The Ubuntu online community has also been great. Whenever I need a question answered, it’s most always already been answered and nicely cataloged on the online forums. Windows forums are there too, but there is no one central forum that seems to pop up on every Google search, and many of the sites I’ve encountered require some form of tiered pay-structure and are usually riddled with ads. I don’t want to put too much weight against Windows forums however because I may have just not stumbled upon the good ones, whereas with Linux, I know the good ones, and only use those. Thus, I don’t want to say that Windows online communities aren’t there, just that I am happy Ubuntu (and Linux) communities ARE there.
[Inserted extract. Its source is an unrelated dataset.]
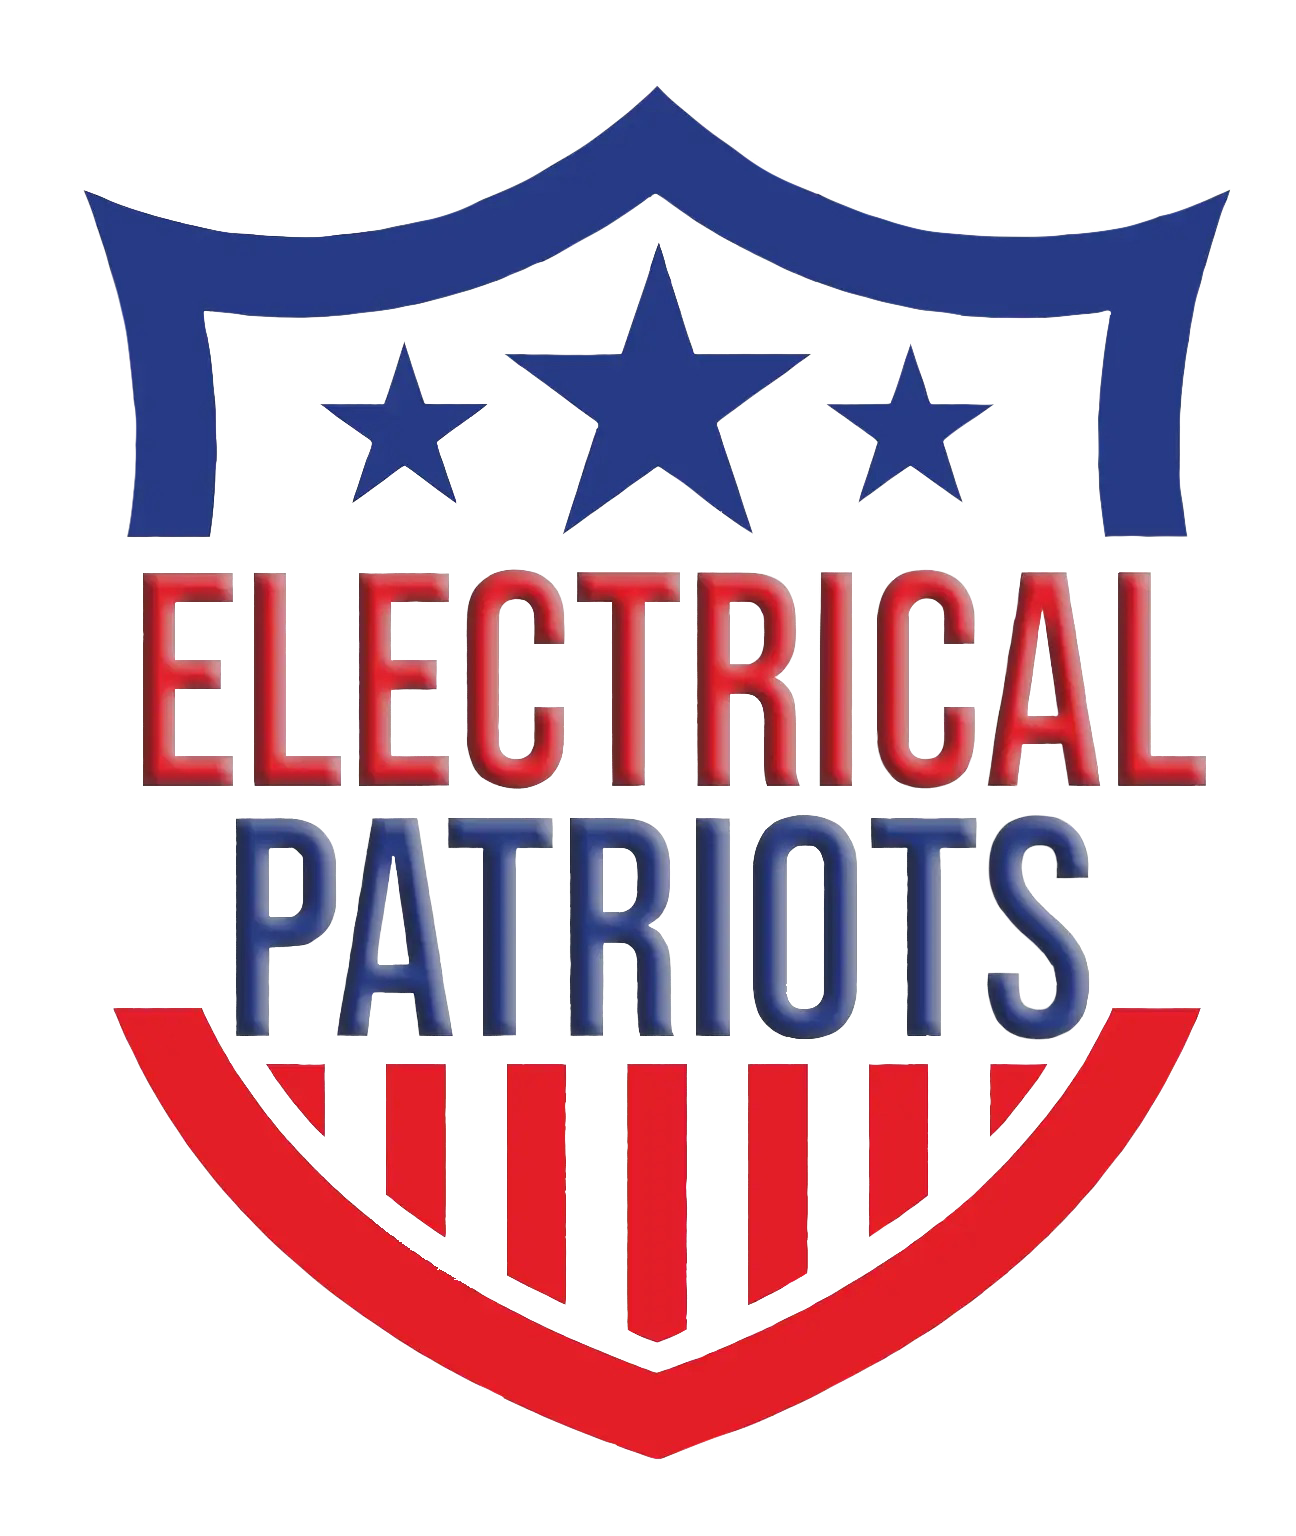 A patriotic shield in red, white, and blue colors, featuring the words 'Electrical Patriots' written across it."
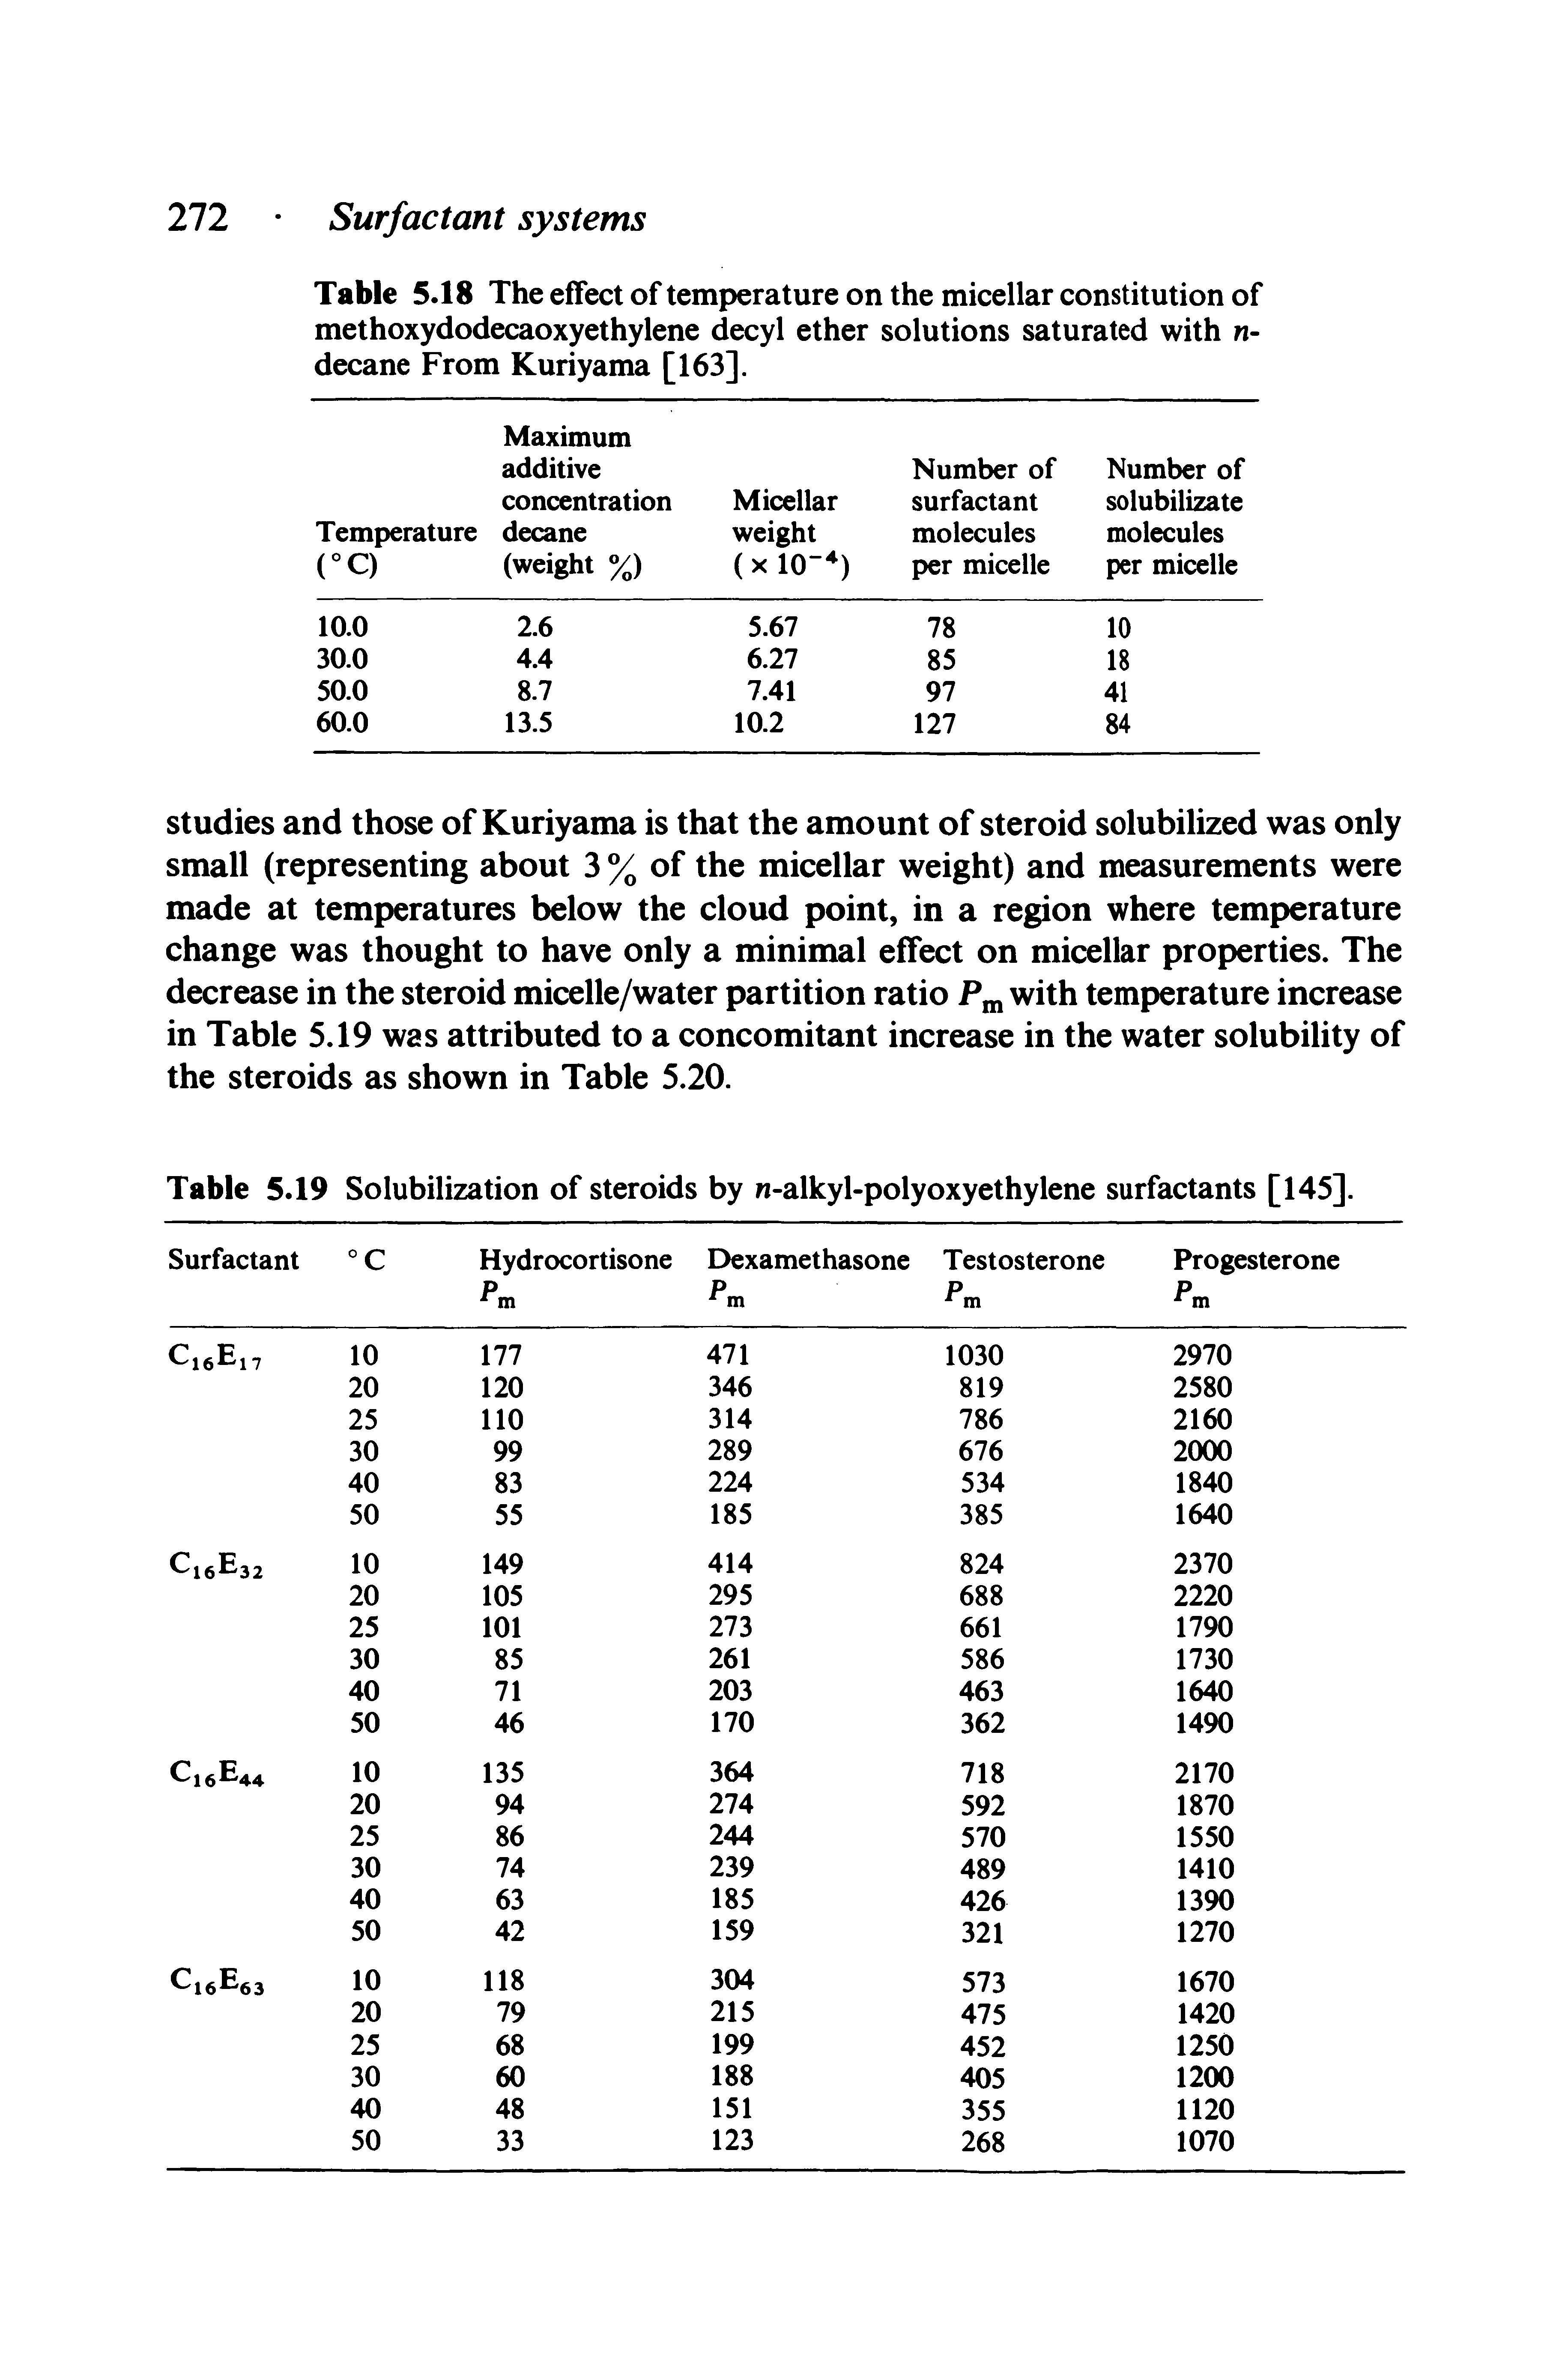 Table 5.19 Solubilization of steroids by n-alkyl-polyoxyethylene surfactants [145].

I have also come to appreciate the, “one model to rule them all,” concept of Linux (and UNIX) security and settings. Almost everything is a file and you modify your system by changing file contents and permissions. End of story. Yes, I may need to learn different syntaxes depending on which file I am editing, but it’s a lot easier a concept to grasp then this hybrid-nature of files/registries used in Windows. Here I will say that in the one instance, when I was trying to learn how to write various rules governing Windows XP defining which users could modify the toolbars etc, I found no online help that wasn’t behind a pay-wall, and no free tutorials, whereas with Linux, I found all the Gnome-related lockdowns on several sites with plenty of tutorials.
Finally, from a personal principles standpoint, I am a huge advocate of Free and Open Source Software, so I get a constant feel-good factor using Ubuntu and knowing my systems are clean of pirate software (and their subsequent problems). Of course, this isn’t a perfect statement, that will have a caveat mentioned later, but for the most part it holds true.